For the tunes on this tape, Dick Marx chose the lovely, lyrical "Joey, Joey" from the Frank Loesser musical drama "The Most Happy Fellow."  This wistful tune was just one of the great hits from a show that is bristling with wonderful music.

"Kiss Me Kate," with music and lyrics by Cole Porter, brought Shakespeare to Broadway with a book based on the Bard's "Taming of the Shrew."  "Why Can't You Behave" is one of the most popular laments from the show.

In 1955, Cole Porter came back to broadway with "Silk Stockings," a musical spoof on the Garbo classic, "Ninotchka."  Marx swings the lovely "All of You" with a boogie introduction and ending.

"Cool" is from "West Side Story," a musical drama on a juvenile gang theme with music by Leonard Bernstein and lyrics by Stephen Sondheim.  In the show, "Cool" is sung prior to a bitter street fight between the juvenile gangs, the Jets and the Sharks.  The Jets, nervously waiting at a drug store, have been advised by a leader to "take it cool."

"Too Close for Comfort" is from "Mr. Wonderful" which featured the Will Mastin Trio starring the wonderful Sammy Davis, Jr.  The tune from this lightly told story of a struggling entertainer is one of Sammy's memorable "first nighters."  The show's music and lyrics are by Jerry Bock, Larry Holofcener and George Weiss.  It just so happened that Dick chose two tunes from "Guys and Dolls."  This show, adapted from Damon Runyon's lovable stories about Broadway sharpies, and with a score by Frank Loesser, has bee a hit musical, a hit motion picture and a hit music album.  Everyone will remember "If I Were a Bell" (this one has a fine Carson Smith bass solo) and the title tune "Guys and Dolls" played by a trio of Marx, Capp and Mitchell. 

"Kismet" gave Broadway a splash of the Arabian Nights with genuine Borodin melodies used by the composers, Forrest and Wright, as a basis for their score.  Dick chose on of the simple tasty tunes from the show, "Bubbles, Bangles and Beads."

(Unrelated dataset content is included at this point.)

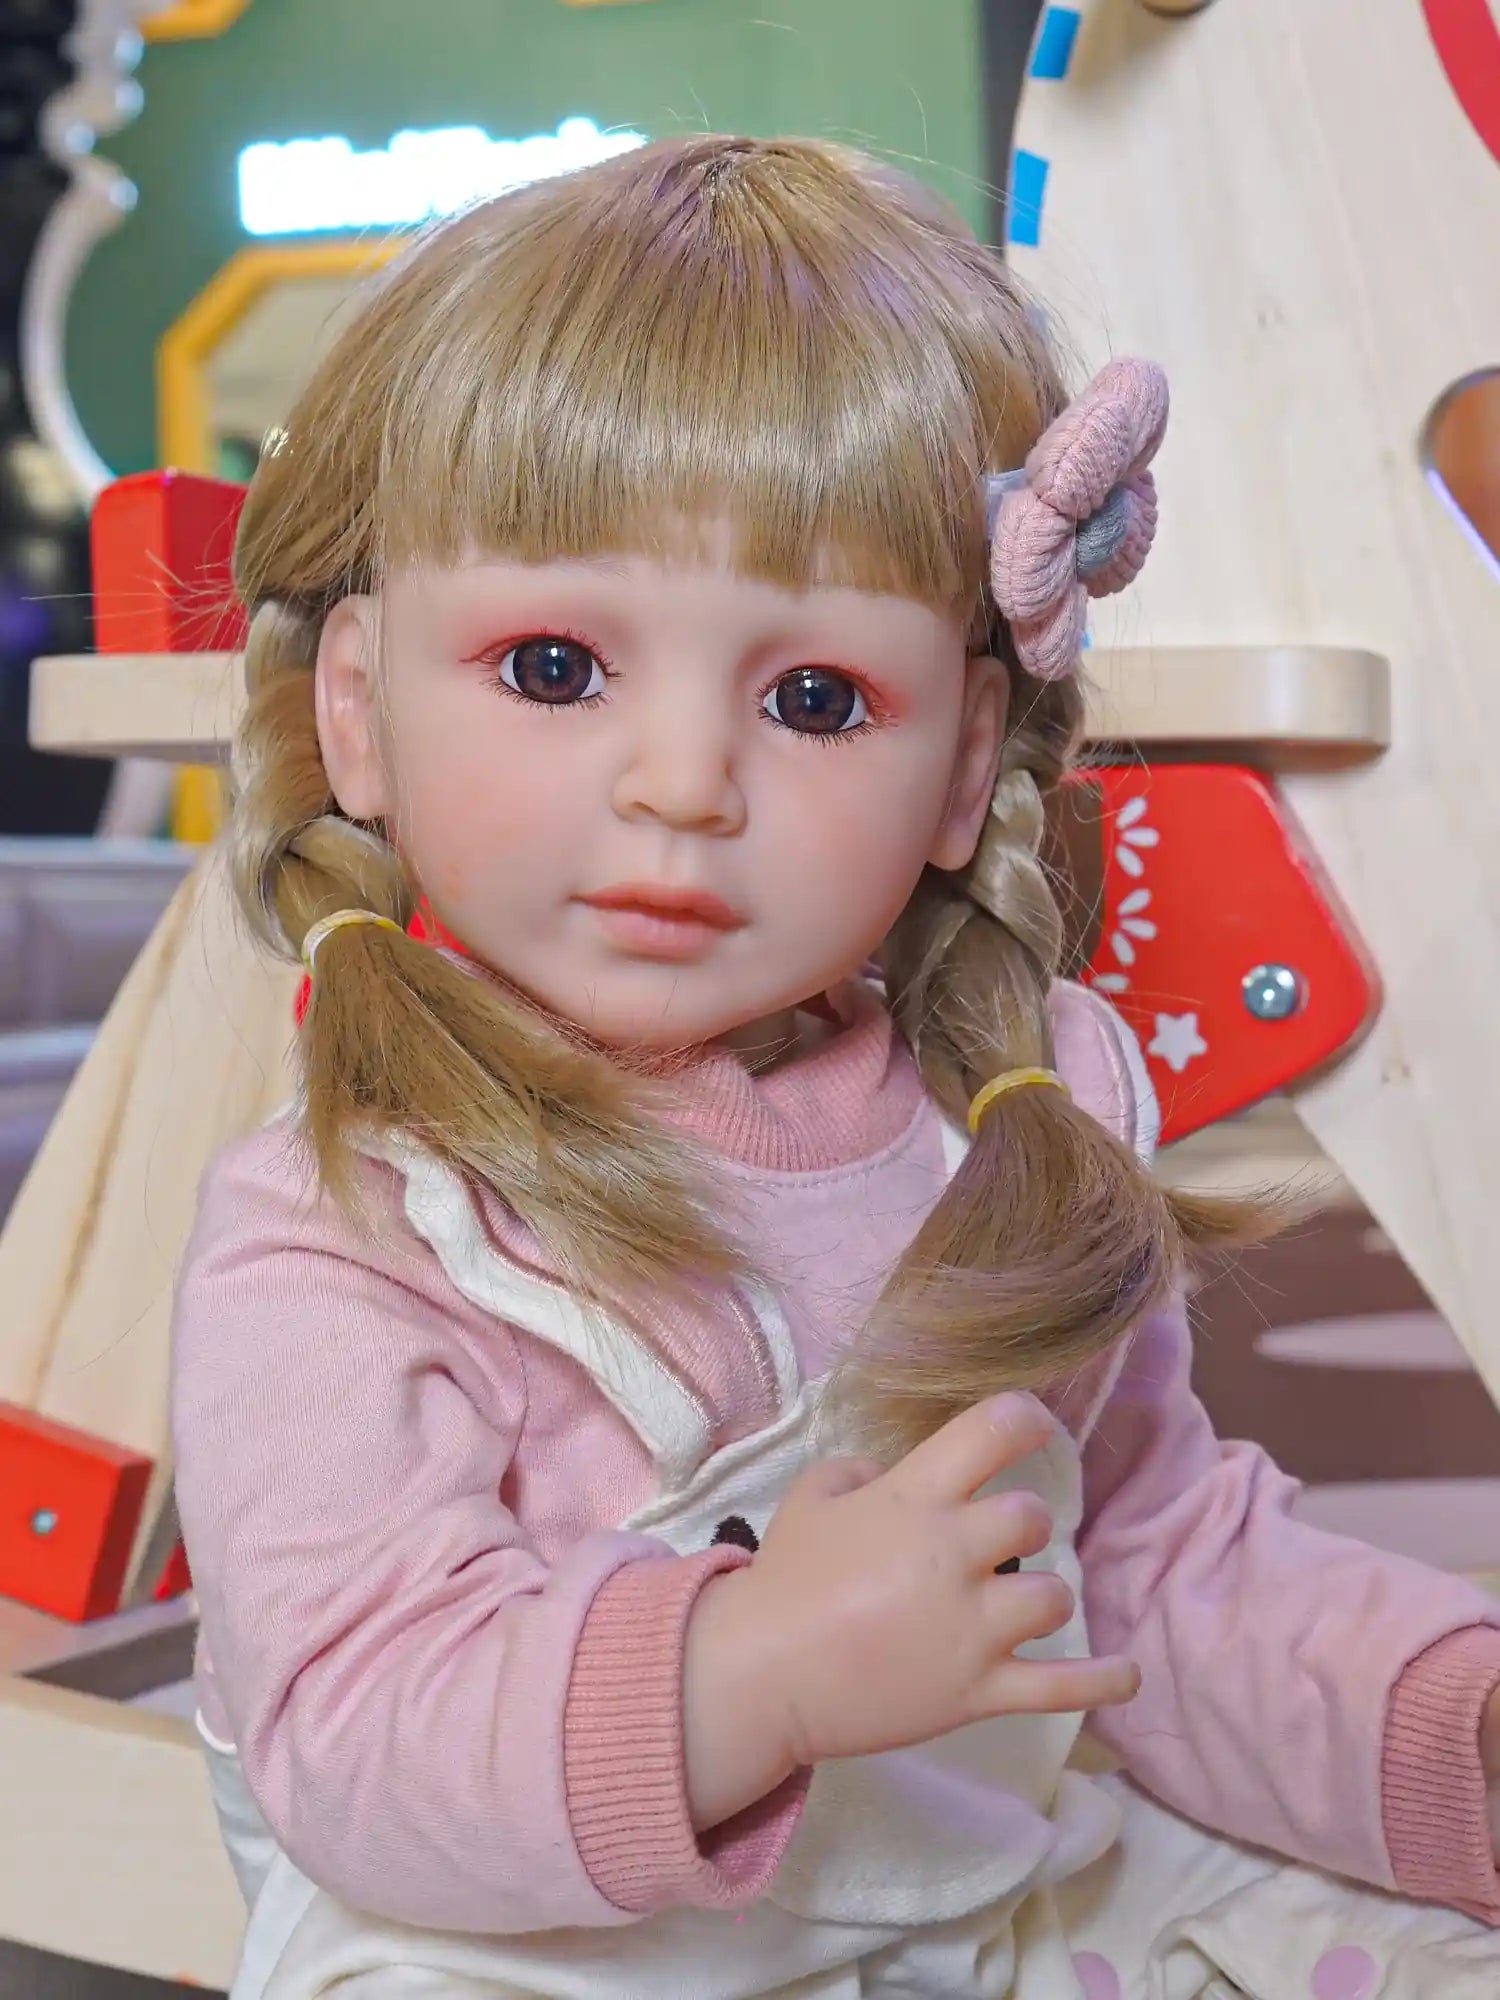 Toddler doll in a seated pose, donning a pink top, white bear overalls, looking contemplative, with wooden toys in the background.

Truman Capote and Harold Arlen gave Broadway a delightful confection with tropical flavoring in their musical "House of Flowers."  The show starring Pearl Bailey as a "hot-house" madame, didn't have any tunes that made the hit parade but "A Sleepin' Bee" is a wonderfully lyric number and Dick gives it a haunting, jazz tone-poem feel.

"Just In Time" was sung by Judy Holliday and Sydney Chaplin in "Bells Are Ringing," a delightfully funny and musically wonderful hit with a book and lyrics by Betty Comden and Adolph Green and music by Jules Styne.  The tune is sung as the two stars, meeting in Central Park, become aware that their love has grown.  Dick Marx interprets it with all the glitter that gives Broadway its magic meaning.

 

 

RALPH J GLEASON, Editor, The Rhythm Section (San Francisco Chronicle), Jam Session (G. P. Putnam & Sons).